District Attorneys’ Unfair Competition Claim Against Serial ADA Litigant Barred By Litigation Privilege | CDF Labor Law LLP

Companies hit with website accessibility or physical access claims brought under the Americans with Disabilities Act of 1990 (ADA) and/or California’s Unruh Civil Rights Act (Unruh Act) may experience great frustration upon learning that it too has been sued by a serial ADA litigant through what appears to be nothing more than a copy and paste complaint. Each year, hundreds of website accessibility and physical access lawsuits are filed in both California state and federal courts and many (but, not all) by a handful of disabled individuals represented by an even fewer number of law firms. These complaints often contain nearly identical allegations from one matter to the next, with only one substantive change: the named Defendant company. Individual companies, many times small California businesses, feel helpless when hit with these lawsuits and urge a curtailing of what appears to be part of a larger scheme to extract settlements.

District Attorneys’ of Los Angeles and San Francisco (the People) appeared to be heading in this direction by initiating an action in April 2022 against the law of firm Potter Handy, LLP, which according to Court papers has filed countless complaints against businesses in California federal courts alleging violations of the ADA. The People allege that these lawsuits contain allegations that the law firm knew to be false and that it “files the complaints as part of a shakedown scheme to extract coerced settlements from small business owners in California,” which the People allege constitutes “unlawful” business practices under California’s Unfair Competition Law (UCL).

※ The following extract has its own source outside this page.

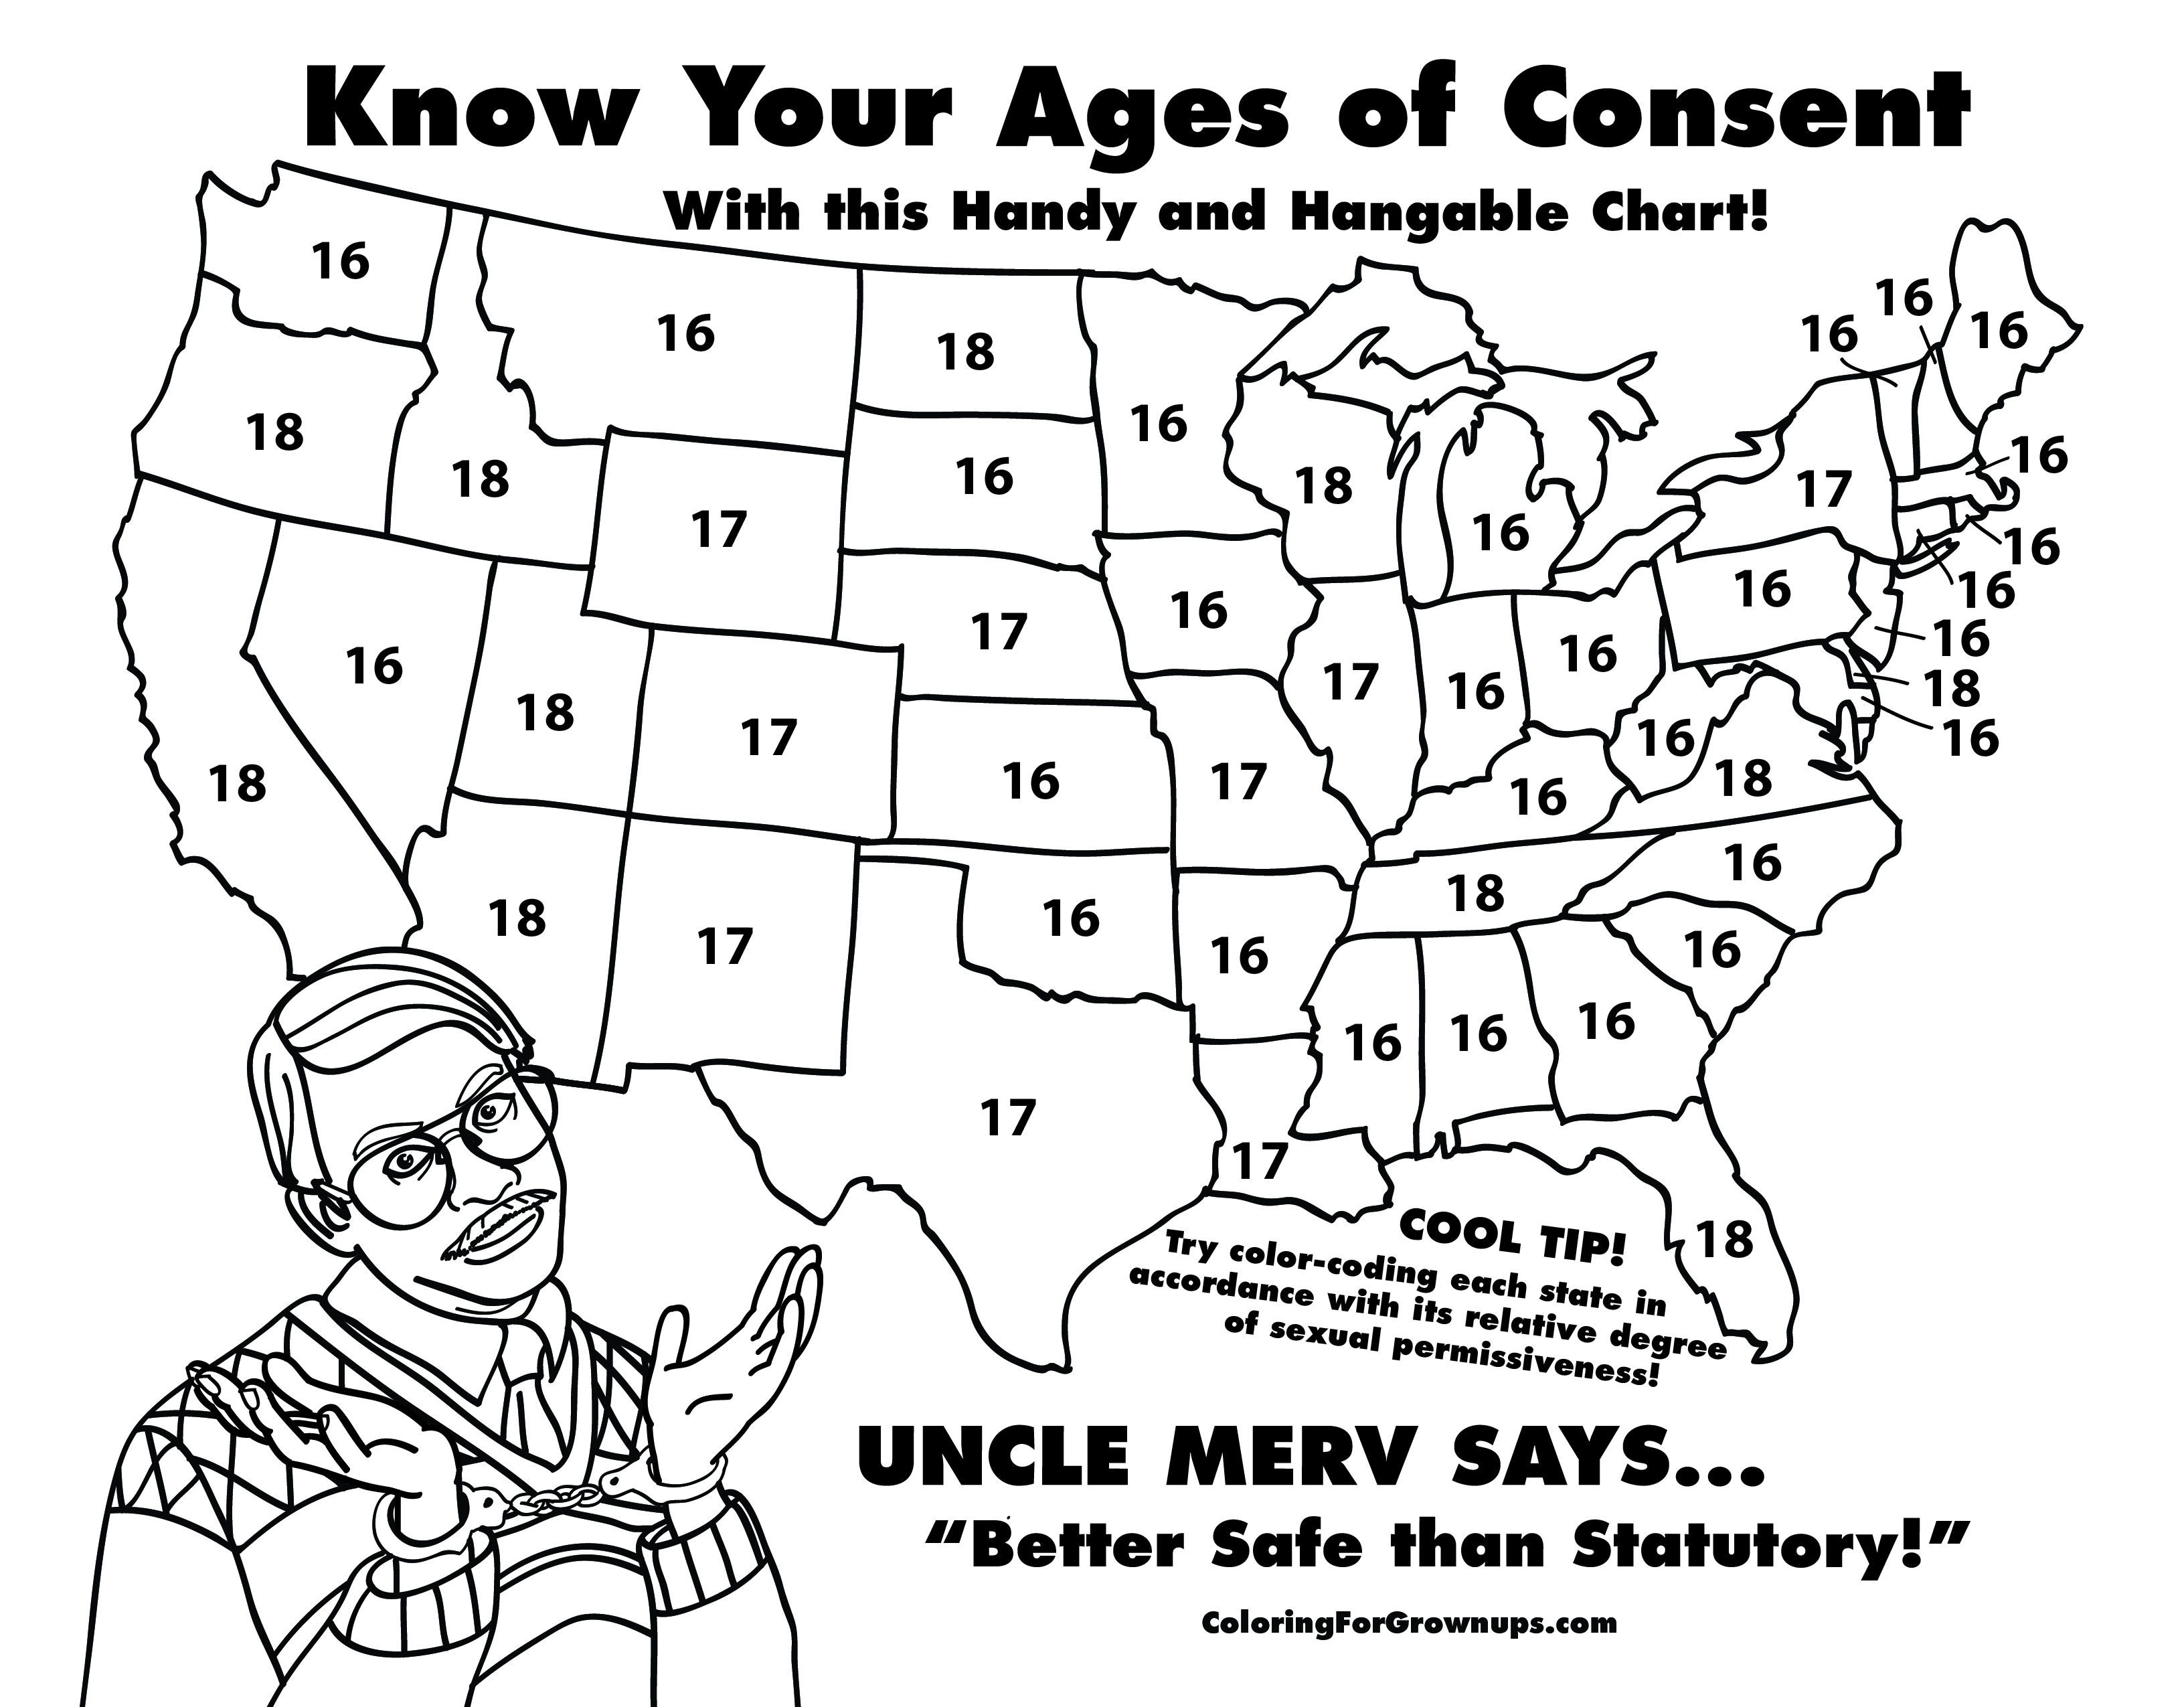 [Image: know-your-ages-of-consent.jpg]

The primary basis for the People’s UCL claim derives from Business and Professions Code § 6128(a), which makes it a misdemeanor for an attorney who, “[i]s guilty of any deceit or collusion, or consents to any deceit or collusion, with intent to deceive the court or any party.” In June 2022, the law firm demurred to the People’s complaint on multiple grounds, including that the People’s UCL claim was barred by California’s litigation privilege.  Under the litigation privilege, communications made as part of a judicial proceeding are generally privileged under the concept that litigants should be free to access the court without the concern of facing derivative tort actions. One of the recognized exceptions to this privilege is where a statute, like Business and Professions Code § 6128(a), is more specific than the litigation privilege and its enforcement frustrated when in conflict with the privilege’s application.Under this exception, courts limit the privilege’s reach if its application is inconsistent with another statute. 

Months later, the trial court sustained the law firm’s demurrer without leave to amend finding that the People’s UCL claim is based on conduct that falls directly within the purview of the litigation privilege, and that no exception applied. The People then appealed this ruling. At issue on appeal was whether the People’s UCL claim can survive a demurrer (for which material alleged facts are taken as true) that is brought on the grounds that the litigation privilege protects the law firm’s alleged conduct at issue.

Earlier this month, in People v Potter Handy, LLP, the Court of Appeal of the State of California, First Appellate District answered this question in the affirmative and affirmed the trial court’s ruling finding that no exception existed to the litigation privilege for the People’s UCL claim. The Court of Appeal opined that here, an exception to the litigation privilege was not proper because other remedies under which the People can prosecute such claims remain viable, such as State Bar disciplinary proceedings and criminal prosecution under Business and Professions Code § 6128(a). While the Court of Appeal ultimately affirmed the trial court’s ruling to sustain the demurrer without leave to amend, it remains yet to be seen whether this alleged conduct by a described serial ADA litigant sees an Act Two and is prosecuted under one of the other viable remedies.